To demonstrate and experiment with new language concepts, Java is often extended with new features. These features are implemented in prototypes that can often only treat subsets of Java due to a lack of language engineering tool support. Existing tools, like editors, can no longer be used when unaware of the extension.

In MDSD, tools for metamodelling and agile language development exist that are aware of evolution and change of languages, which makes it considerably easier to perform language extension while preserving tool support. The GMF definitions, for instance, can be easily adjusted if changes to the Java metamodel are made---and the GMF editor can be regenerated. Same applies to EMFText's CS-specifications, which have an import mechanism to extend a text syntax along with a metamodel.

The scenario we examine in this section is separation of generated code skeletons (as produced by an ATL transformation) from the list of statements of a method body directly defined in Java. Usually these can not be separated into single artefacts in Java, because a list of statements on its own is not a compilable unit. Furthermore, it would be helpful, if a transformation to Java can indicate where additional code is required when the information for generating it is missing. Java does also not provide a specific construct for that.

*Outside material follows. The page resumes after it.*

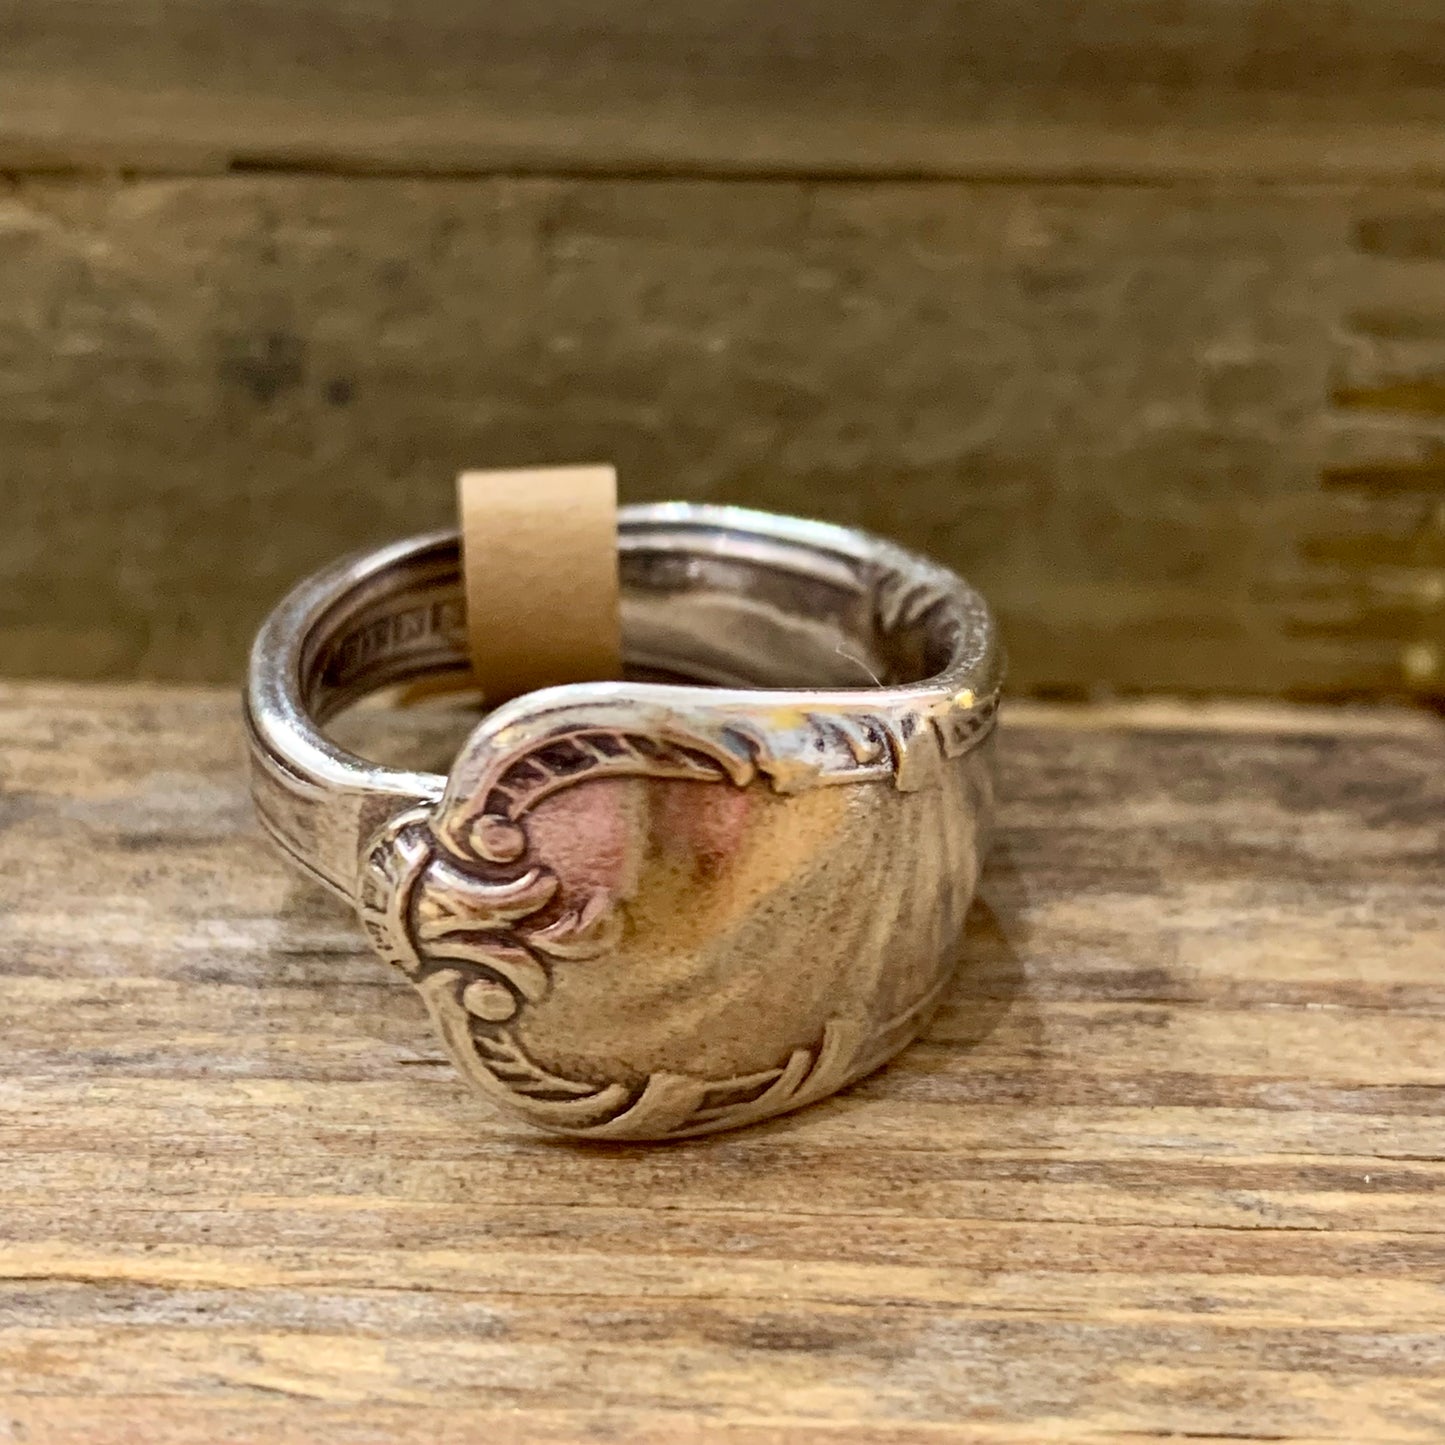 MOLLY MADE- Silverware Ring #3- Classic End

Here, we extend Java with the two features mentioned above and utilise the Reuseware Composition Framework to define a preprocessor that composes models of the extended Java language into plain Java. To do so, the Java metamodel is extended by defining a new package reuse with the classes 1) StatementUnit, which is a subclass of JavaRoot and has a reference statements of type Statement, and 2) StatementVariationPoint, which is a subclass of Statement. Both are also NamedElements. This extension can be done without altering the original Java metamodel by using the import feature of Ecore.

The text syntax is extended in a similar manner as shown below. In Line 1, the Java metamodel http://... and its text syntax java are identified for import. In Lines 2 and 3 two additional rules that give the text syntax for the new constructs are specified. EMFText takes all the rules of the imported syntax into account when generating printer and parser. Therefore, the new rules are woven into the existing syntax: StatementUnit can be used as alternative for other JavaRoots (e.g., CompilationUnit) and StatementVariationPoint as alternative for other Statements.

 IMPORTS { java : <http://www.emftext.org/java> WITH SYNTAX java }
 RULES {
   StatementUnit ::=            "statements" name[] "{" statements* "}" ;
   StatementVariationPoint ::=  "<" "<" name[] ">" ">"  ";" ;
 }

Figure 1 shows a usage of the extended Java. The ATL transformation can be extended to produce a StatementVariationPoint for empty methods (lower left of Figure 1), or wherever else information is missing. EMFText's editor remains working for the extended Java and can be used to define statement lists stand alone (lower right of Figure 1). These can be composed with the generated code by defining composition programs in Reuseware (top of Figure 1)–thus keeping a clean separation between generated and hand-written (or hand-modeled) code.

Figure 1. Screenshot of using the extended Java with Reuseware

This section showed how a Java extension can be easily realised using MDSD technologies with JaMoPP. Only two additional metaclasses and 5 lines of text syntax specification were needed. Therefore, JaMoPP enables the definition of custom extensions for Java tailored to any specific MDSD process.